Piselli che crescono a bordo della Stazione Spaziale Internazionale. Credito d'immagine: l'equipaggio di ISS Expedition 6, NASA. clicca per ingrandire
L'ansia può essere una buona cosa. Ti avverte che qualcosa potrebbe essere sbagliato, che il pericolo potrebbe essere vicino. Aiuta ad avviare segnali che ti preparano ad agire. Ma mentre un po 'di ansia occasionale può salvarti la vita, l'ansia costante provoca grandi danni.
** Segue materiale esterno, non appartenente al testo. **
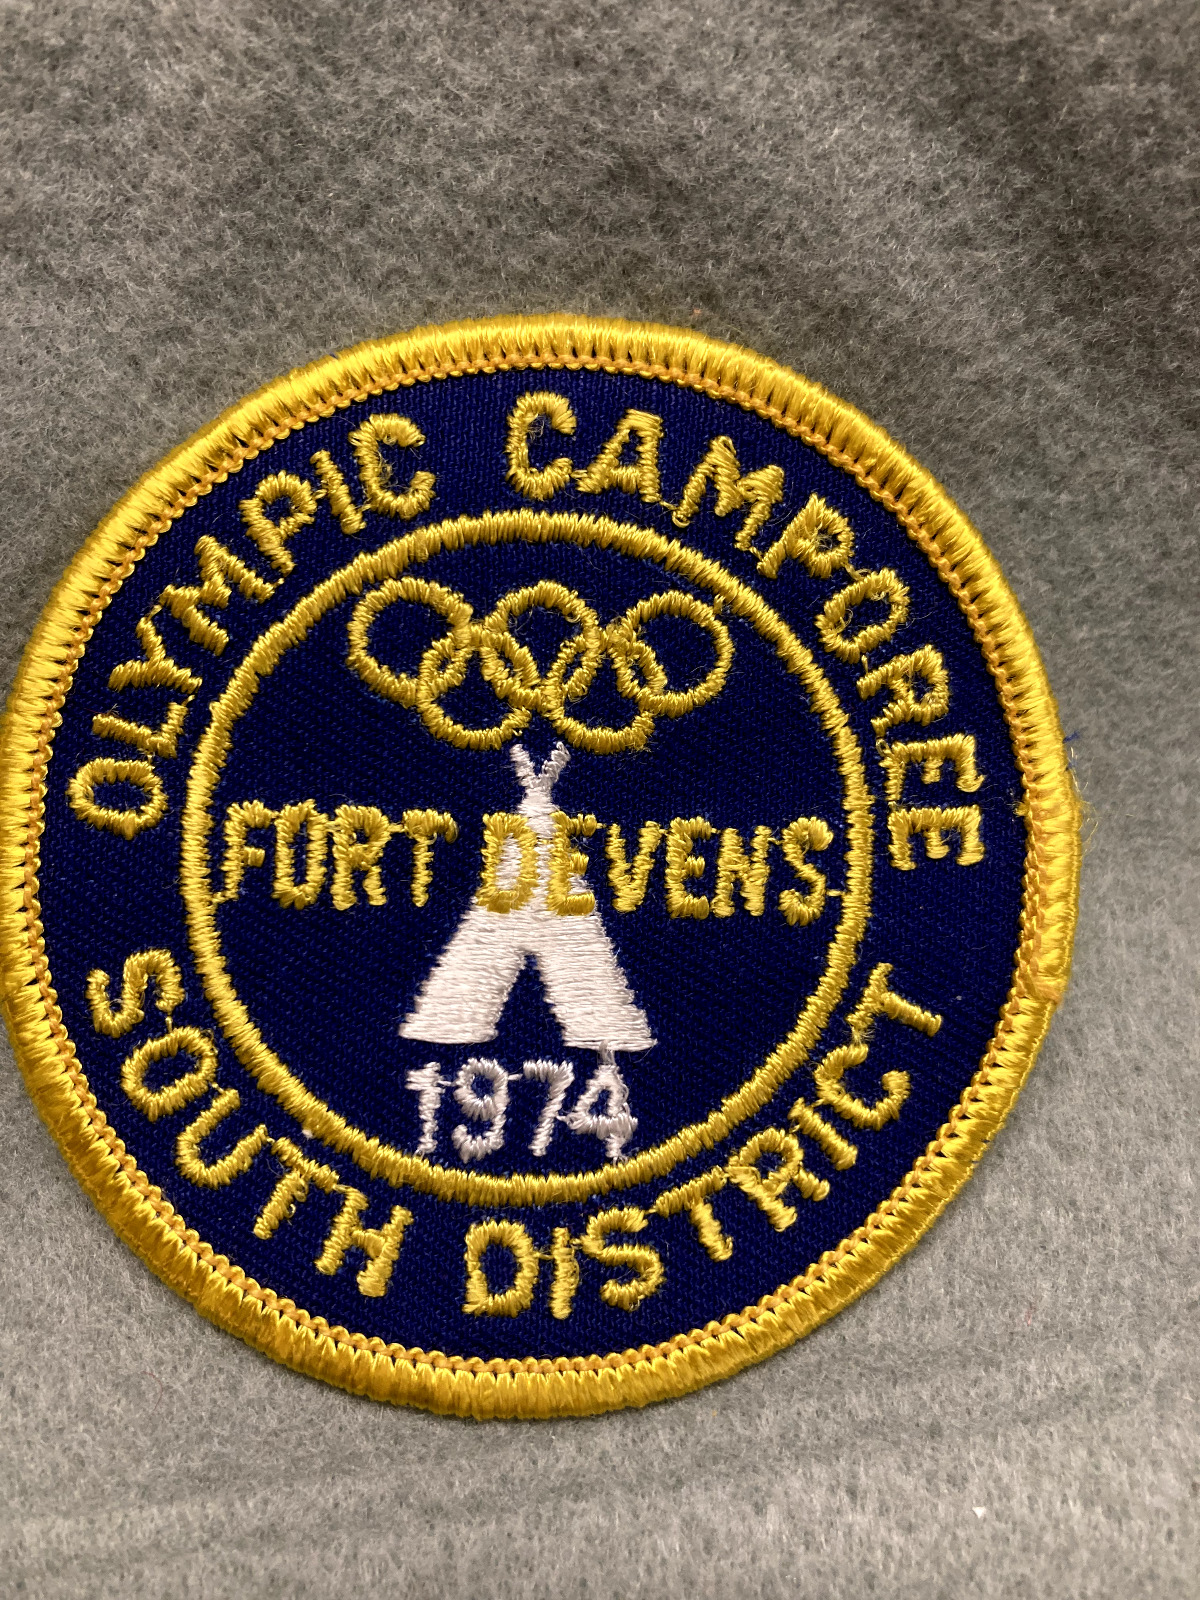 (123)   Boy Scouts / 1974 Olympic Camporee @ Fort Devens (MA)

Gli ormoni che portano il tuo corpo a un allarme elevato danneggiano anche il tuo cervello, il tuo sistema immunitario e altro se inondano continuamente il tuo corpo.
Le piante non diventano ansiose allo stesso modo degli umani. Ma soffrono di stress e si comportano allo stesso modo. Producono un segnale chimico - superossido (O2-) - che mette in allarme il resto della pianta. Il superossido, tuttavia, è tossico; troppo finirà per danneggiare la pianta.
Questo potrebbe essere un problema per le piante su Marte.
Secondo la Vision for Space Exploration, gli umani visiteranno ed esploreranno Marte nei decenni a venire. Inevitabilmente, vorranno portare con sé le piante. Le piante forniscono cibo, ossigeno, compagnia e una macchia di verde lontano da casa.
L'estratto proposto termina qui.